4 de novembro de 2007

"Trem de ferro", à luz da Fonética

Texto analisado: "Trem de ferro", poema de Manuel Bandeira
http://www.revista.agulha.nom.br/manuelbandeira04.html#trem

Como é costumeiro na produção poética literária, encontram-se no poema "Trem de ferro" exemplos da utilização de uma linguagem opaca, que chama atenção sobre si. A escolha das palavras, dos sons e das repetições possibilita ao leitor uma interpretação mais vívida do conteúdo.

Manuel bandeira se apropriou da sonoridade das palavras para enriquecer e quase ilustrar o poema. Em um primeiro contato com o texto, não há nada no verso "Café com pão" que imediatamente direcione o pensamento a um trem, não há mesmo qualquer referência direta. No entanto, a repetição desse verso produz uma seqüência de sons oclusivos explosivos, que em alternância com sons fricativos, se assemelha ao barulho proveniente do deslocamento de uma locomotiva sobre os trilhos.

De mesma forma, há em outros versos uma série de sons consonantais (aliterações) capazes de imprimir à leitura uma cadência que sugere a idéia de deslocamento em diferentes velocidades. A repetição de "Muita força", por exemplo, se dá em um ritmo de leitura mais lento, como se representasse o deslocamento por um trajeto elevado, daí a necessidade de mais fogo na fornalha. Já as ocorrências de "Passa ponte / Passa poste / Passa pasto", entre outros, transmite a idéia de que um deslocamento mais veloz foi retomado e o trem passa ligeiramente pela paisagem.

Ainda explorando o âmbito da sonoridade, figura com certa freqüência no poema a repetição de sons vocálicos que parecem reproduzir, quase como onomatopéias, um apito de vapor — os versos "Oô..." — nos quais o próprio arredondamento dos lábios, necessário à emissão do som, lembra um movimento de sopro.

Além dos aspectos fonéticos, existe toda uma seleção vocabular, sobretudo na 3ª e 4ª estrofes, que além de conferir um aspecto de cantiga e folclore, é capaz de transportar o pensamento a uma paisagem interiorana, rural — na qual um trem costuma ser de grande valia.

Os estudos estruturalistas, sobretudo com Saussure, definem o signo lingüístico como arbitrário e convencional, isto é, não há influência direta do plano de expressão no plano de conteúdo. Contudo, houvesse o poeta escolhido outros sons e outra forma, o conteúdo do signo-texto poderia não ter sido tão claramente representado. Assim, encontra-se no poema "Trem de ferro" elementos como a sonoridade, indicativos de que pode haver motivação na relação significante/significado, conforme postulado por Jakobson e a linha formalista.
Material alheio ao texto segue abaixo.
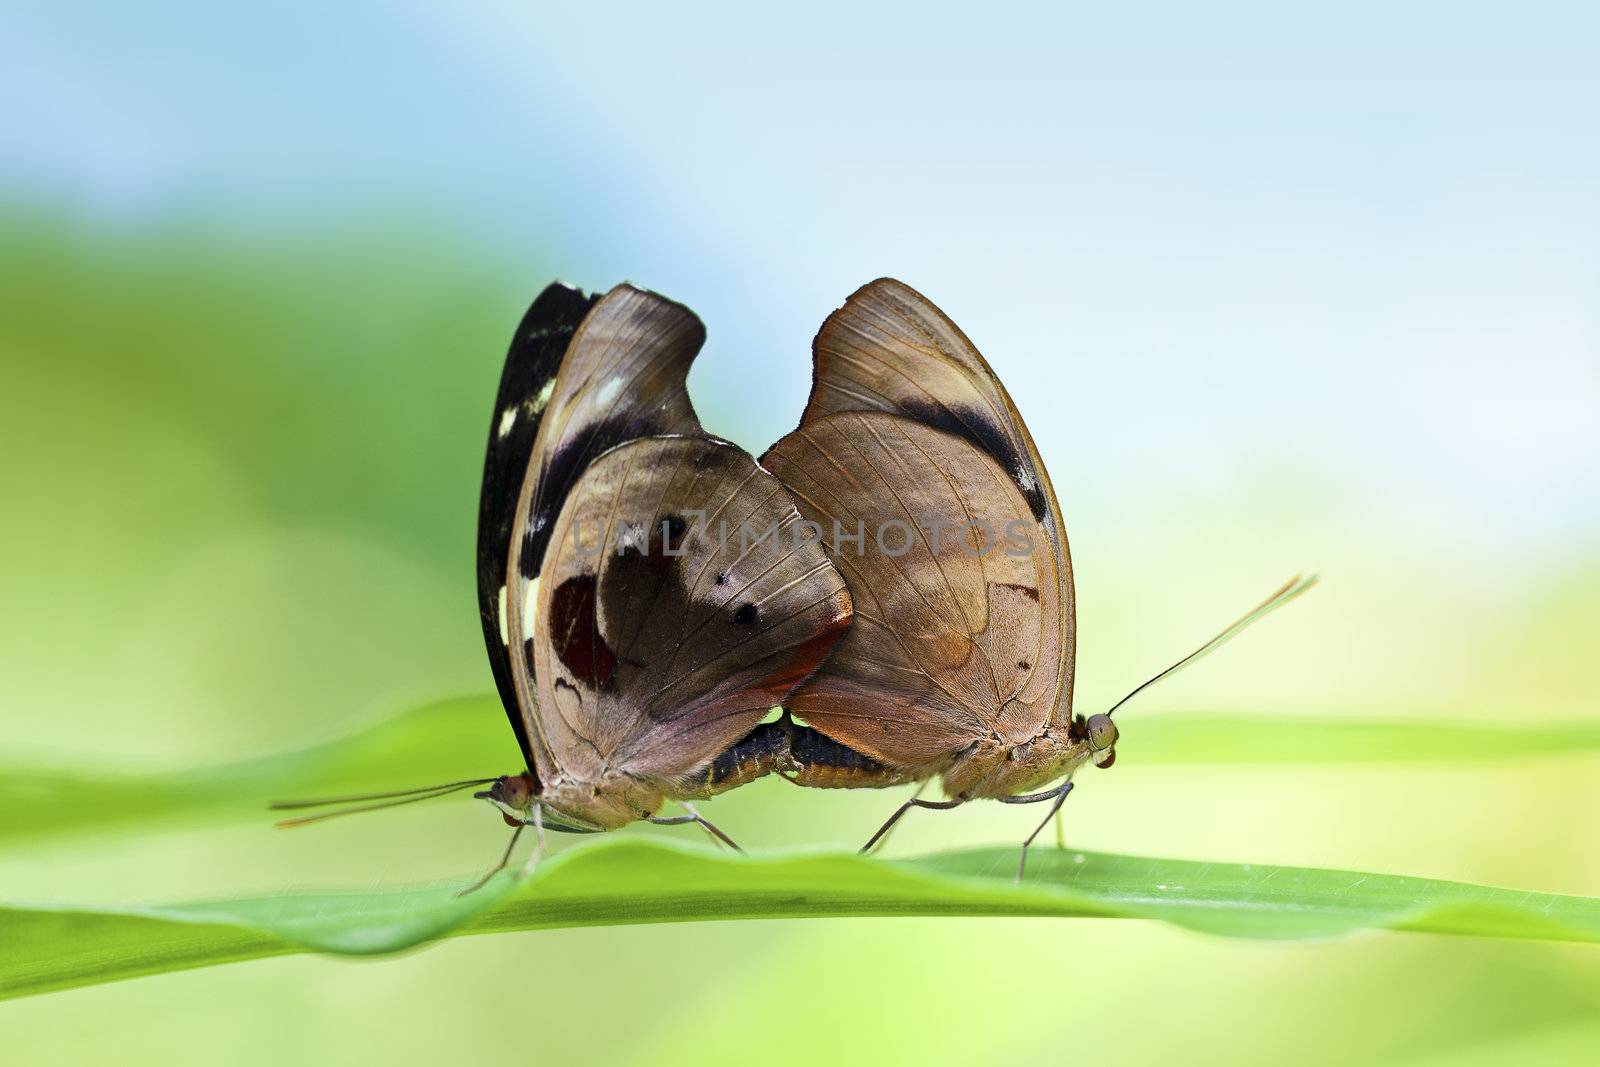 A pair of mating butterflies on a leaf.
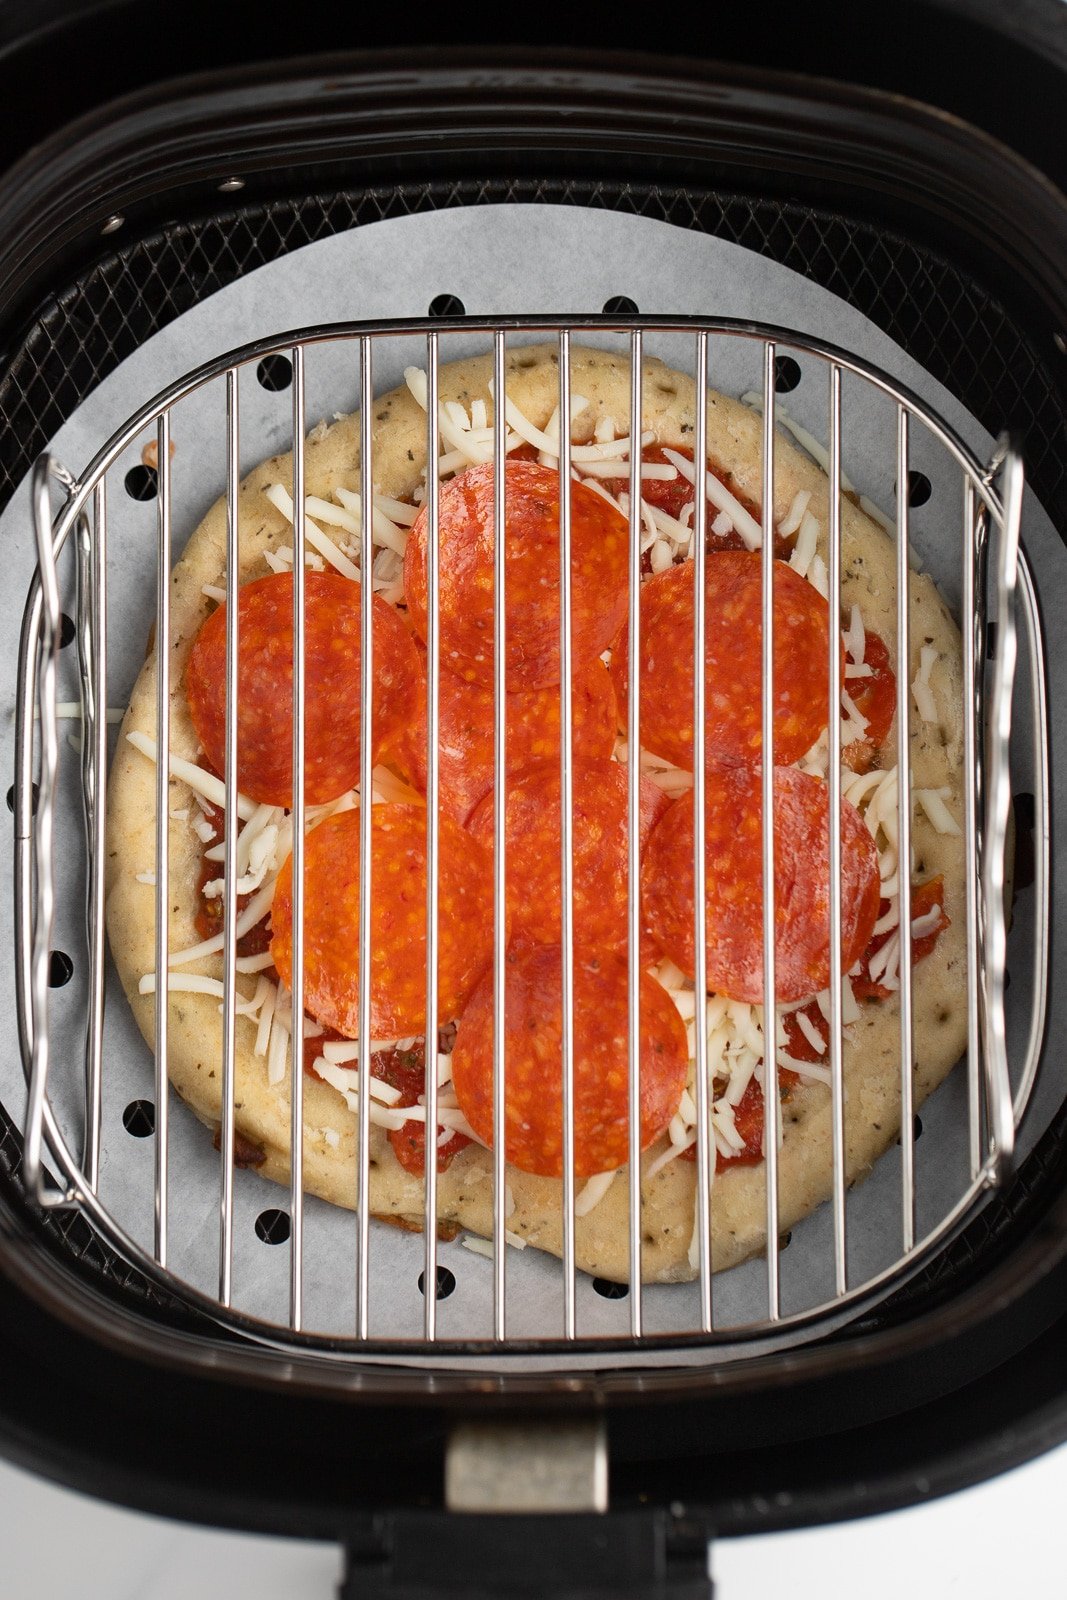 The uncooked pizza in the air fryer basket.

Agradecimentos à Professora Mariana Quadros e a paciência sem fim,
de quem rega pequenos brotos, poda galhos rotos
e nutre de doce seiva futuro jardim

3 comentários:

theduel disse...

ótimo o artigo me ajudou bastante em me trabalho vlw !!

Anônimo disse...

Puro OwN4G3!

Anônimo disse...

Obrigada, essa análise vai ajudar na minha aula com as crianças.